Among cities within 25 miles, Little York leans more Republican than 43 of 59 neighbors.

Little York runs about 55 points more Republican than Illinois as a whole. Illinois leans Democratic overall, while Little York is one of the few Republican-leaning pockets.

Why Little York leans the way it does

This analysis examined 14,881 data points per city to find what predicts political lean and turnout. The items below are a few correlations that stood out for Little York, not a ranked or complete list of what matters most.

Little York votes against the grain of Illinois. Illinois leans Democratic overall, while Little York runs about 55 points more Republican.

Population density, never-married share, and Republican lean

Places that combine low population density and a never-married-heavy adult population tend to lean Republican, as Little York, IL does.

Why turnout in Little York looks the way it does

Areas with high high-school completion turn out at higher rates. About 96% of adults in Little York have completed high school, about 6 points above the U.S. average of 90%. Learn more about the findings and methodology on the political spectrum map.

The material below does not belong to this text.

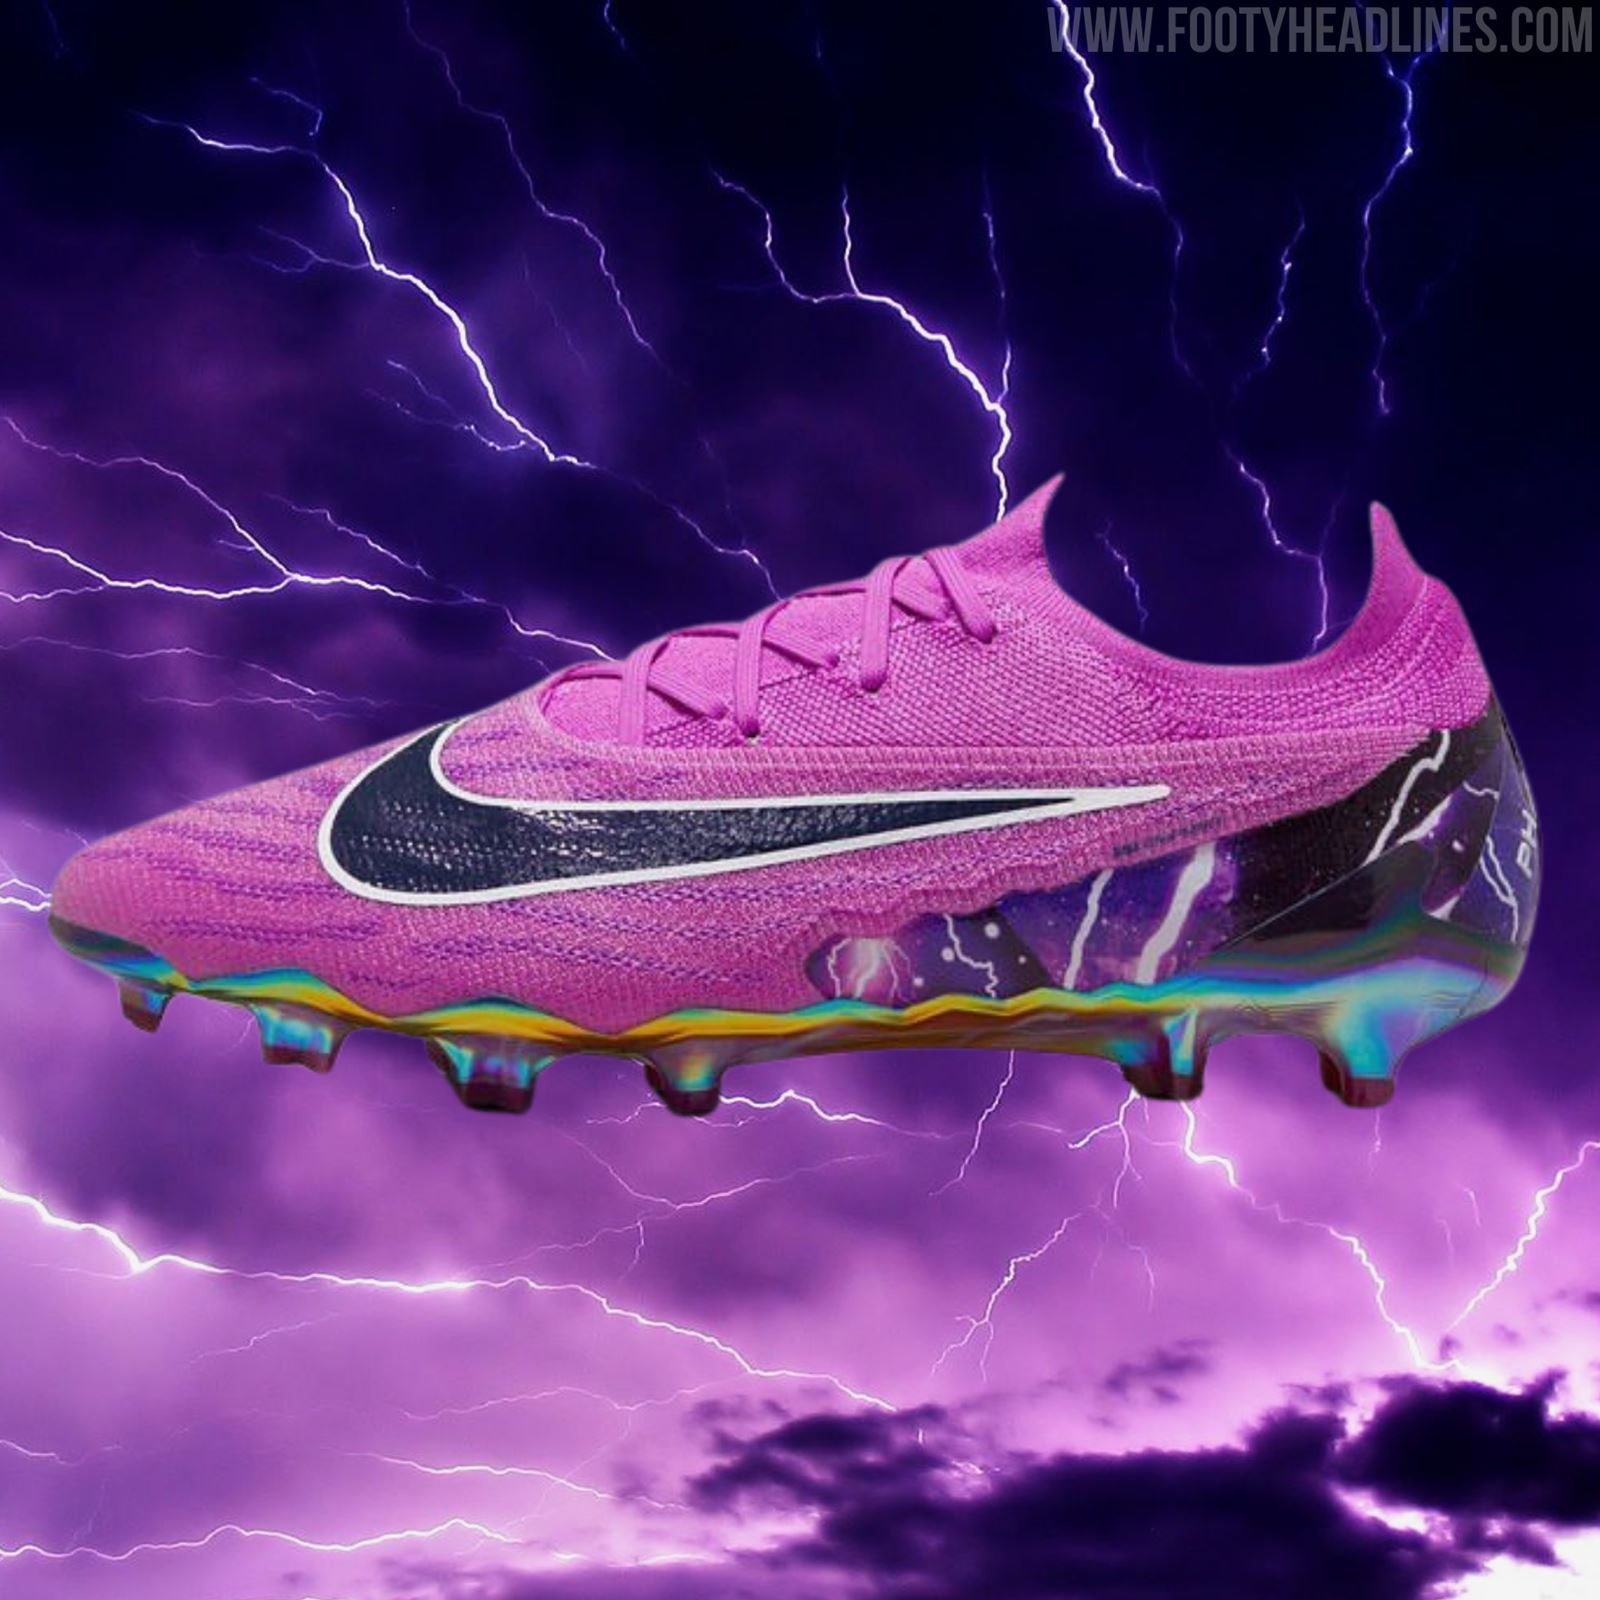 Special Nike Phantom Thunder Boots Collection Revealed - Footy

Cities with Similar Populations

Sources and methodology

Precinct-level voting records used to fit the model come from Illinois State Board of Elections, distributed by the Voting and Election Science Team. Demographic inputs come from the U.S. Census Bureau (ACS 5-year estimates and the 2020 Decennial Census). Health and environmental inputs come from the CDC (PLACES and the Environmental Justice Index). Land cover comes from the USGS and EPA. Election-day and lead-up weather come from PRISM 4km daily grids and the NOAA Global Historical Climatology Network. Mail-voting and election-administration patterns come from the MIT Election Lab's Survey of the Performance of American Elections. Block-group crime detail comes from CrimeGrade. Internet data and modeling support provided by ISPreports.org.

Modeling and analysis by the BestNeighborhood data science team. Full methodology and findings: political spectrum map.

Methodology reviewed by the BestNeighborhood data team. Last updated May 2026.